If using NVMe drives directly (no RAID controller), configure software RAID via mdadm (Linux) or rely on vSAN/Ceph for redundancy.

Performance Baselines

Test storage performance before deploying Kubernetes. etcd is the most latency-sensitive component.

etcd Storage Validation

Run fio on the target disk to verify it meets etcd requirements:

fio --name=etcd-bench --ioengine=libaio --direct=1 --bs=4k \
--iodepth=1 --rw=write --size=1G --runtime=60 \
--filename=/var/lib/etcd/fio-test --fsync=1
MetricMinimumRecommended
fsync p99 latency< 10 ms< 2 ms
Sequential write IOPS (4K)> 500> 5,000
Sequential write throughput> 50 MB/s> 200 MB/s

If fsync p99 exceeds 10 ms, etcd will log warnings and cluster stability degrades. Use NVMe, not SATA SSD, for etcd volumes.

SAN/NAS Specifications (External Storage)
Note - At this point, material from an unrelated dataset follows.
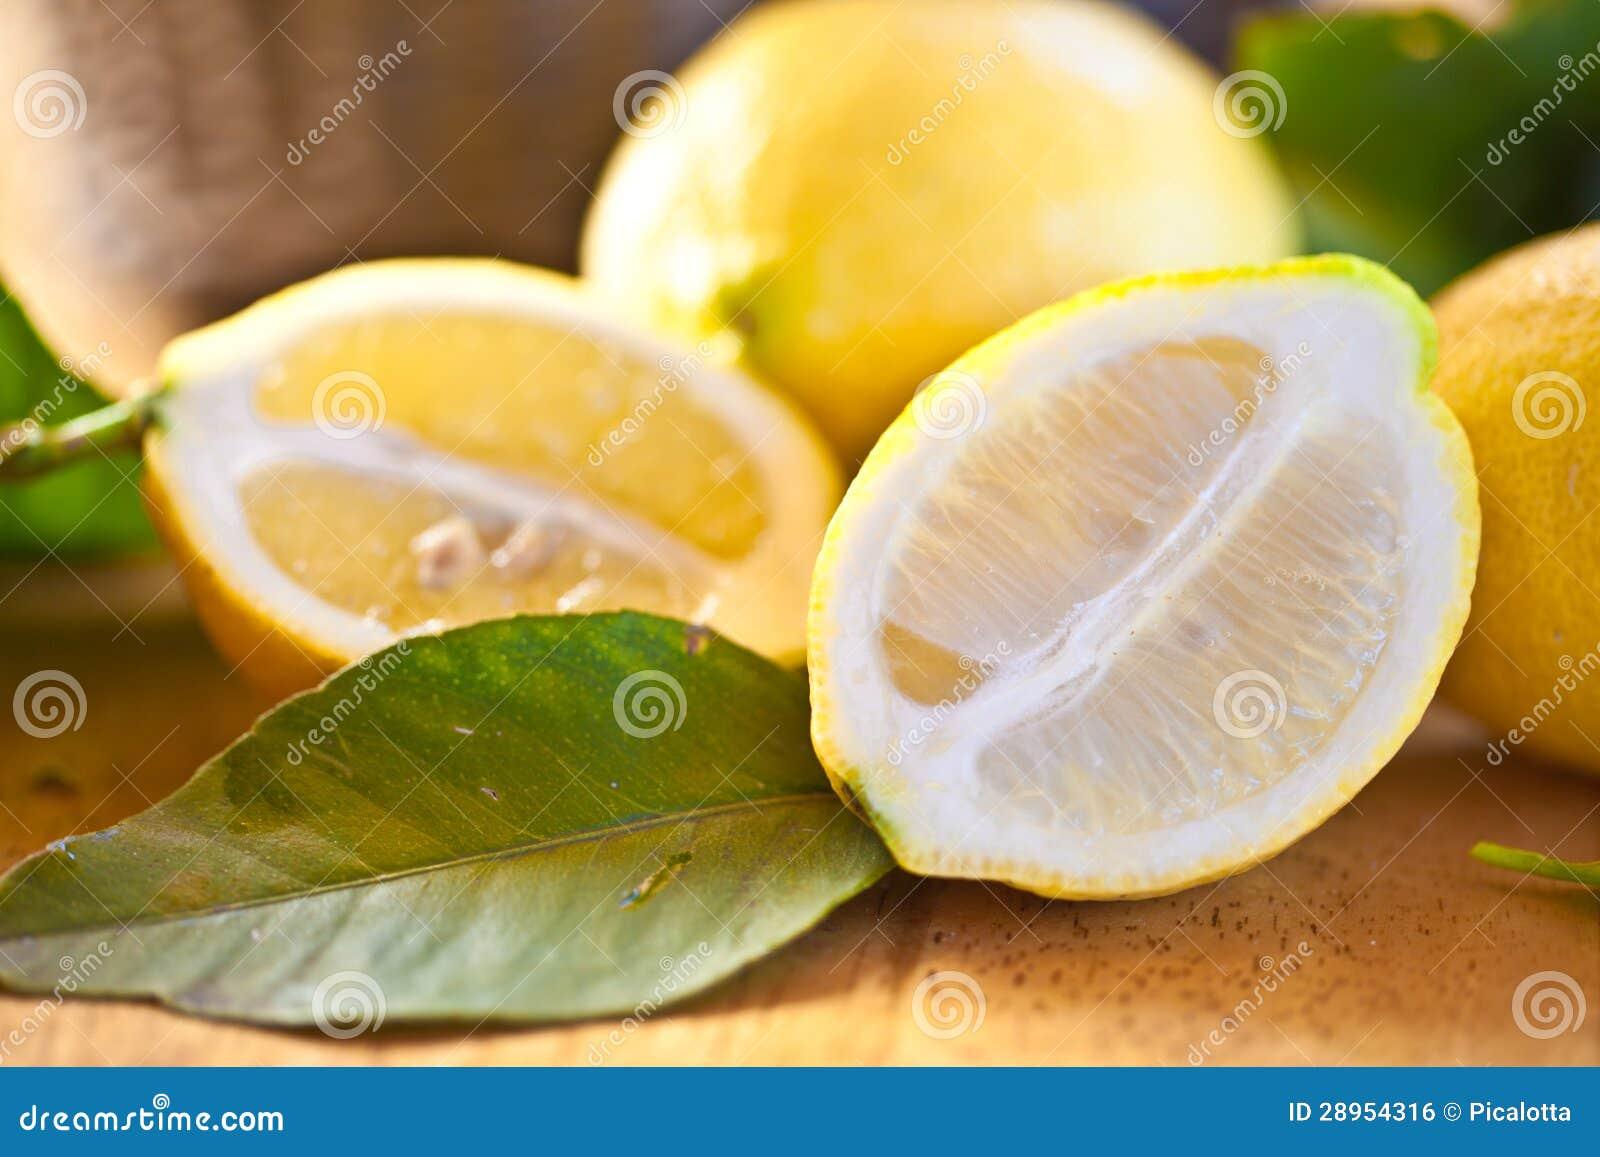 Świeże dojrzałe cytryny

If deploying shared storage instead of or alongside local disks:

ComponentMinimumRecommended
Array TypeMid-range (Dell PowerStore, NetApp AFF A250)Enterprise (Dell PowerStore 9200, NetApp AFF A800)
ProtocoliSCSI 10 GbEiSCSI 25 GbE or FC 32 Gbps
Cache64 GB256 GB+
DrivesAll-flash SSDAll-flash NVMe
RedundancyDual controllers, dual fabricDual controllers, dual fabric, active-active
Snapshot/CloneRequired for Velero CSI snapshotsRequired

Disk Replacement and Monitoring

  • Configure RAID controller alerts to forward to the monitoring stack (SNMP traps → Prometheus Alertmanager).
  • Set predictive failure thresholds: replace drives when SMART reports reallocated sector count > 0 or wear leveling < 10%.
  • Hot-spare disks: allocate one global hot spare per RAID controller for automatic rebuild.
  • Rebuild time for a 3.84 TB SSD in RAID 10: approximately 2–4 hours depending on controller and load.

Considerations

  • NVMe vs. SATA SSD: NVMe provides 3–5× the IOPS and lower latency than SATA SSD. Use NVMe for any disk hosting etcd or database workloads.
  • Drive endurance: Select drives rated for at least 1 DWPD (Drive Writes Per Day) for mixed workloads, 3 DWPD for write-intensive (etcd, databases).
  • Encryption: Use self-encrypting drives (SED) with OPAL 2.0 if data-at-rest encryption is required at the hardware level. This is in addition to Kubernetes encryption at rest.
  • Capacity planning: Prometheus with 15-second scrape interval and 90-day retention consumes approximately 50–100 GB. Loki log retention at 30 days consumes 100–500 GB depending on log volume. Plan Tier 1/Tier 2 capacity accordingly.
  • vSAN licensing: If using VMware vSAN, local disks must meet the vSAN HCL. Check compatibility before purchasing drives.